HPLC-MS/MS experiments were performed in triplicate on a nano-HPLC Agilent 1100 system (Agilent Tech-nologies, Santa Clara, CA, USA) in combination with a 7-Tesla LTQ-FT Ultra mass spectrometer (Thermo Electron, Bremen, Germany) equipped with a nanospray ion source (in-house system) as described in [10, 11, 16]. A sample volume of 1 μl was loaded by autosampler onto a homemade capillary column (75 μl id, length 12 cm, Reprosil-Pur Basic C18, 3 μm, 100 A; Dr. Maisch HPLC GmbH, Ammerbuch-Entringen, Germany) which was prepared as described in [17]. Separation was performed at a flow rate of 0.3 ml/min using 0.1% formic acid (v/v, solvent A) and acetonitrile 0.1% formic acid (v/v, solvent B). The column was pre-equilibrated with 3% (v/v) solvent B. Linear gradient from 3% to 50% (v/v) of solvent B in 90 min followed by isocratic elution (95% v/v, of solvent B) for 15 min was used for peptide separation. MS/MS data were acquired in data-dependent mode using Xcalibur (Thermo Finnigan, San Jose, CA, USA) software. The precursor ion scan MS spectra (m/z 300-1600) were acquired in FT mode with a resolution of 50000 at m/z 400. The three most intense ions were isolated and fragmented by collision-induced dissociation(CID), MS/MS spectra were measured in the linear ion trap (LTQ). In data-dependent experiments, dynamic exclusion was used with 20 s exclusion duration. In data-dependent experiments, dynamic exclusion was used with 20 s exclusion duration.

Urine proteomics data preprocessing

Raw MS/MS data from the LTQ-FT were processed to msm-files using the software RAW2MSM (version 1.10_2007.06.14) [17]. Mascot database searching was performed using Mascot Server 2.2 software (Matrix Science, London, UK; version 2.2.06); all tandem mass spectra were searched against the human IPI protein sequence database from the European Bioinformatics Institute (version 3.82; released 06.04.2011; 92104 entries) assuming the digestion enzyme trypsin. Search criteria included two missed cleavage, carbamidomethyl of cysteine as a fixed modification, oxidation of methionine as a variable modification, fragment ion mass tolerance of 0.50 Da (10 ppm). Protein identifications were accepted if they contained at least 2 identified peptides with ion scores >24. The results were verified against reverse database to a false discovery rate of less than 1% using Scaffold 4.0 software (version Scaffold-01_07_00, Proteome Software Inc., Portland, OR). All Mascot search results and parameters are submitted to the PeptideAtlas (submission PASS00592) repository and are freely available for download with the URL: http://www.peptideatlas.org/PASS/PASS00592. The data file with peptides and proteins are also provided as Additional file 4.

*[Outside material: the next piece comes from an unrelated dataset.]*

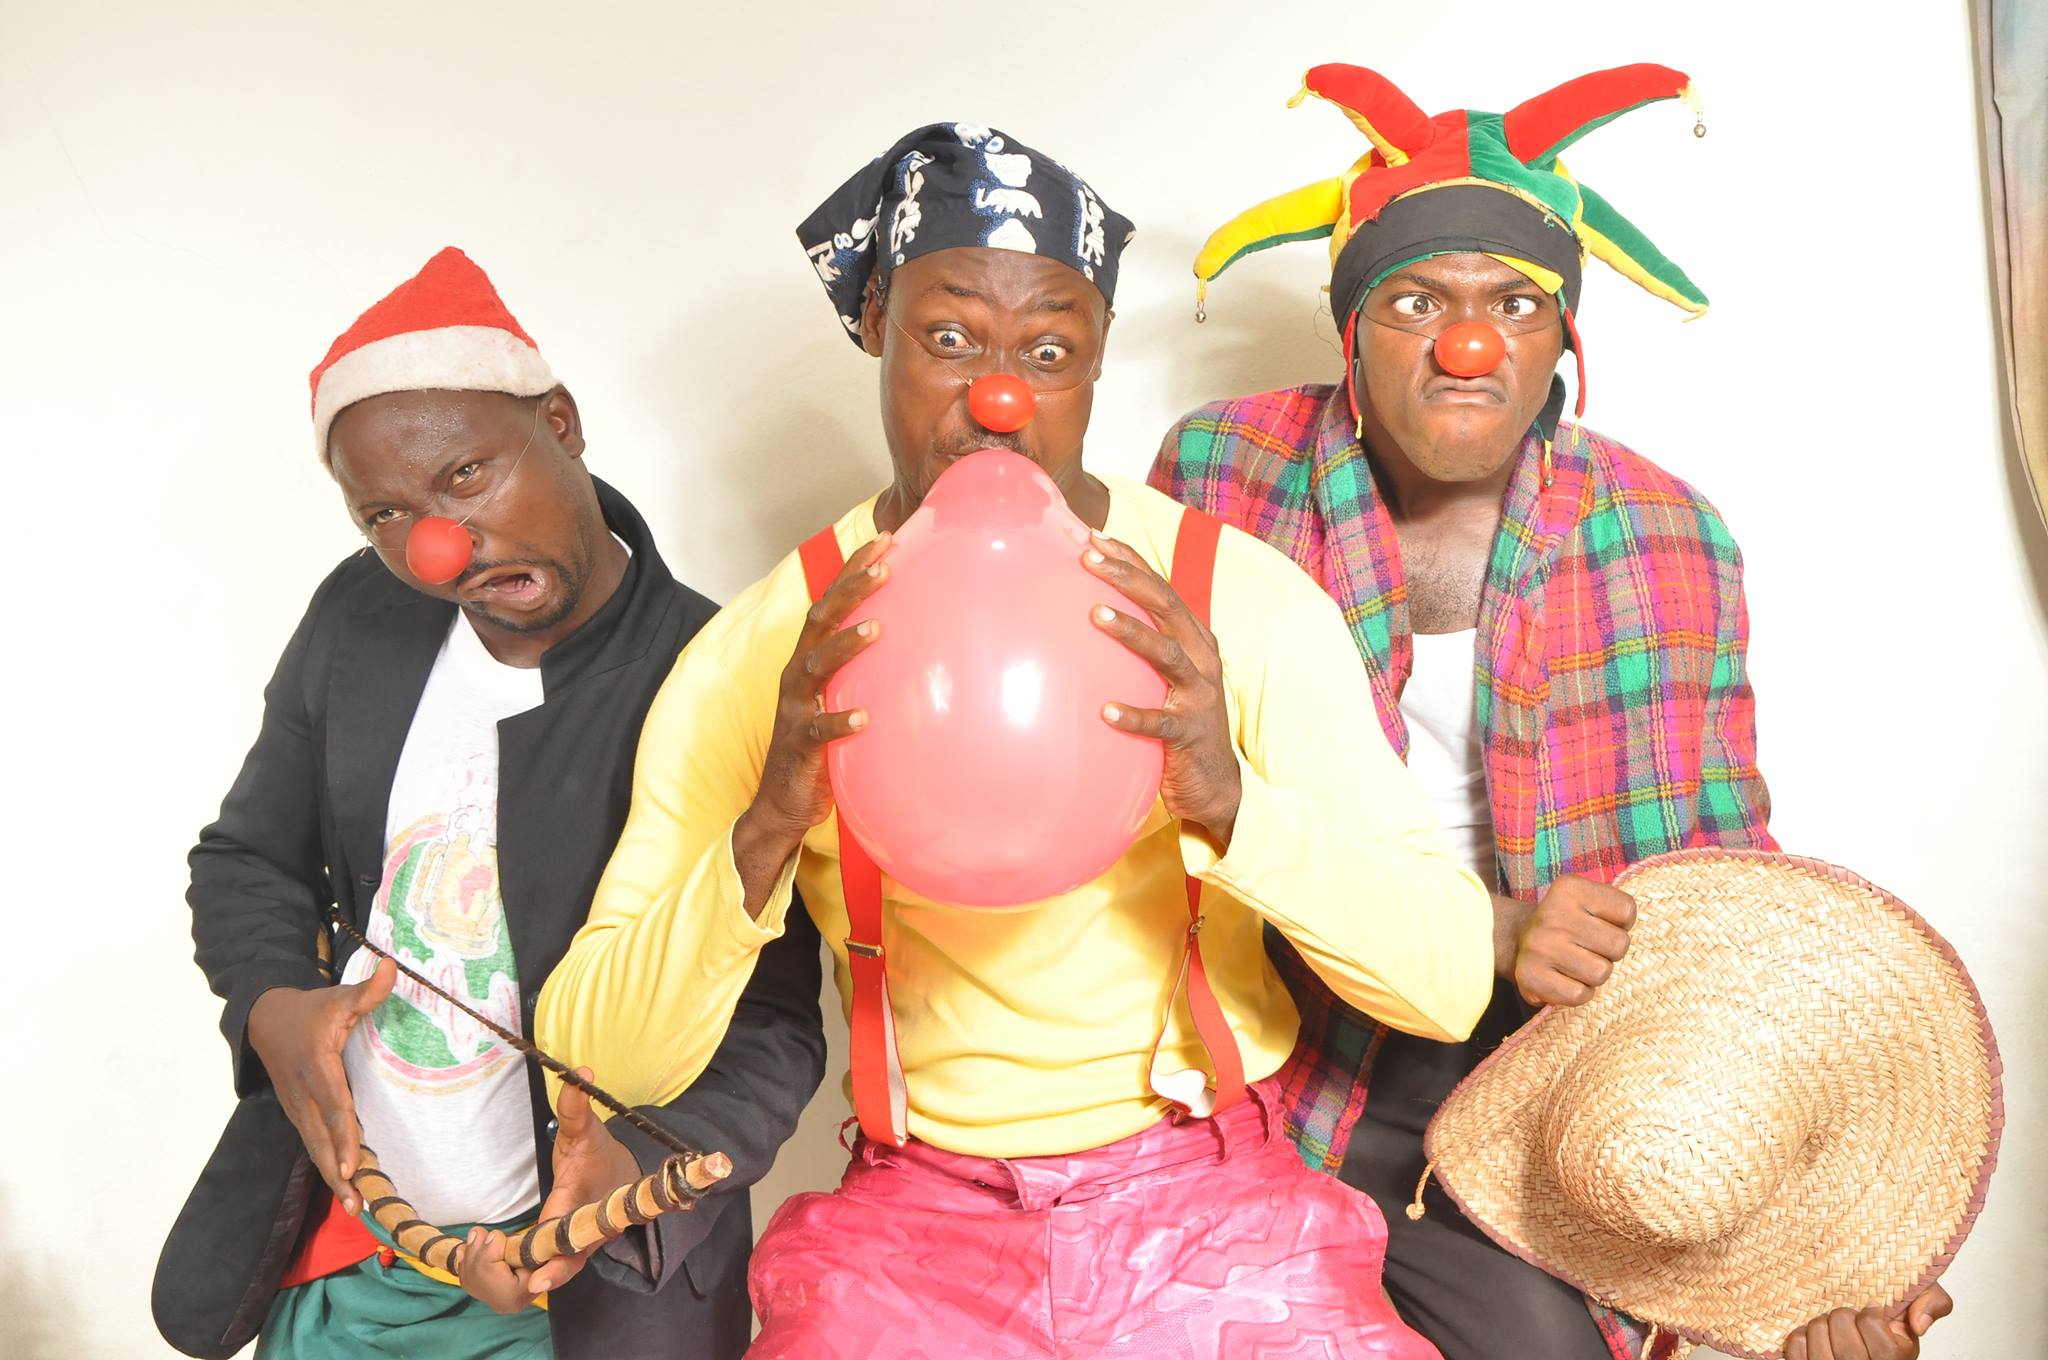 #MASA2018 – Africa Clowns présente  «Moi music, pas call box» un spectacle pour le jeune public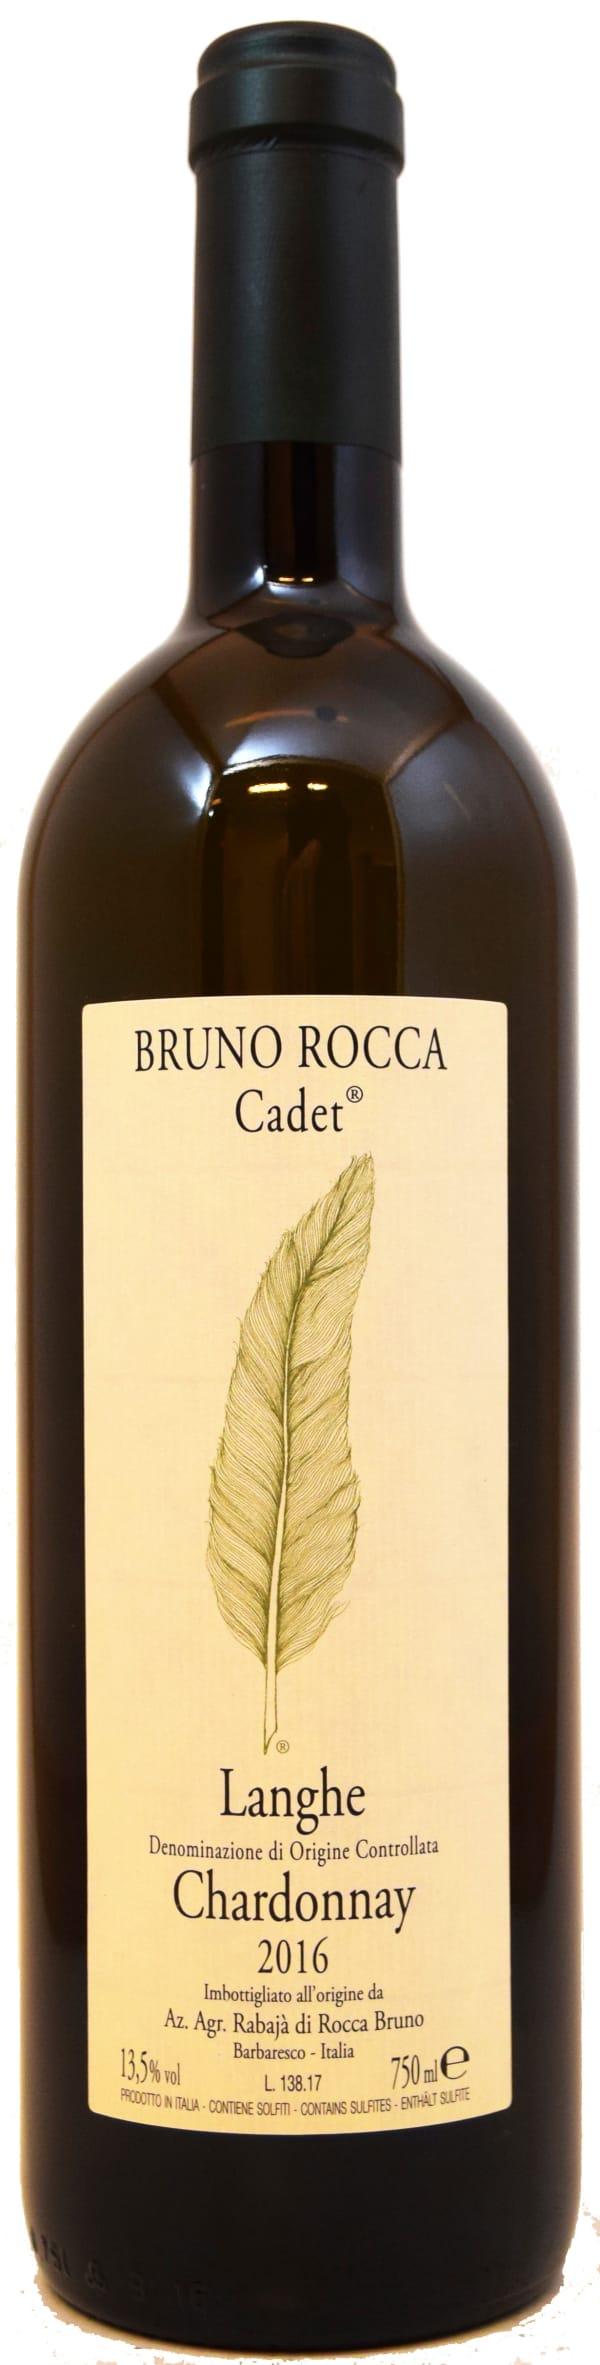 Bruno Rocca Cadet Chardonnay 2015

This preprocessing provides 2,038 species indexed by the international protein indices (IPI) in the Mascot data base. All protein species indexed by IPI were included into our analysis. 1660 (71%) of them were explicitly assigned to genes using the biomaRt program package available in the bioconductor repository with query to Ensemble gene annotations http://www.bioconductor.org/packages/release/bioc/html/biomaRt.html. The presence/absence of each protein species in each sample was defined by binary 1/0 values providing an abundance matrix for each volunteer where each row corresponds to one protein and each column to one time point of sample selection (Additional file 5). For downstream analysis we used either these individual, volunteer-specific data (single volunteer analysis) or we calculated the mean abundance for each protein and time point by averaging protein data over the individual volunteers (mean volunteer analysis). Single volunteer abundance data are provided as Additional file 5.

The time course of abundance of each protein is called abundance or expression time profile whereas the abundance of all proteins considered at one time point is called abundance or expression state. We will use the terms 'abundance' and 'expression' (of proteins in urine) as synonyms throughout the paper. Effectively a protein species is present if its MS-signal exceeds the mean detection threshold in a constant volume of urine (15 ml). Note that the amount of proteins detected refers to a constant volume collected and thus 'protein abundance' estimates protein concentration in urine. Decreased amounts of proteins detected thus can be explained by decreased protein penetration into urine at stable water reabsorption/dilution and/or by decreased water reabsorption by kidney at a constant amount of penetrated proteins. This latter 'dilution' effect seems however to play a minor role (i) because total water balance and/or urine excretion varies to a much less extent compared with the decrease in total protein abundance detected [4]; and (ii) because the protein composition alters very strongly reflecting marked changes of the underlying physiology. Upon simple dilution one would expect only weak alterations of the protein composition.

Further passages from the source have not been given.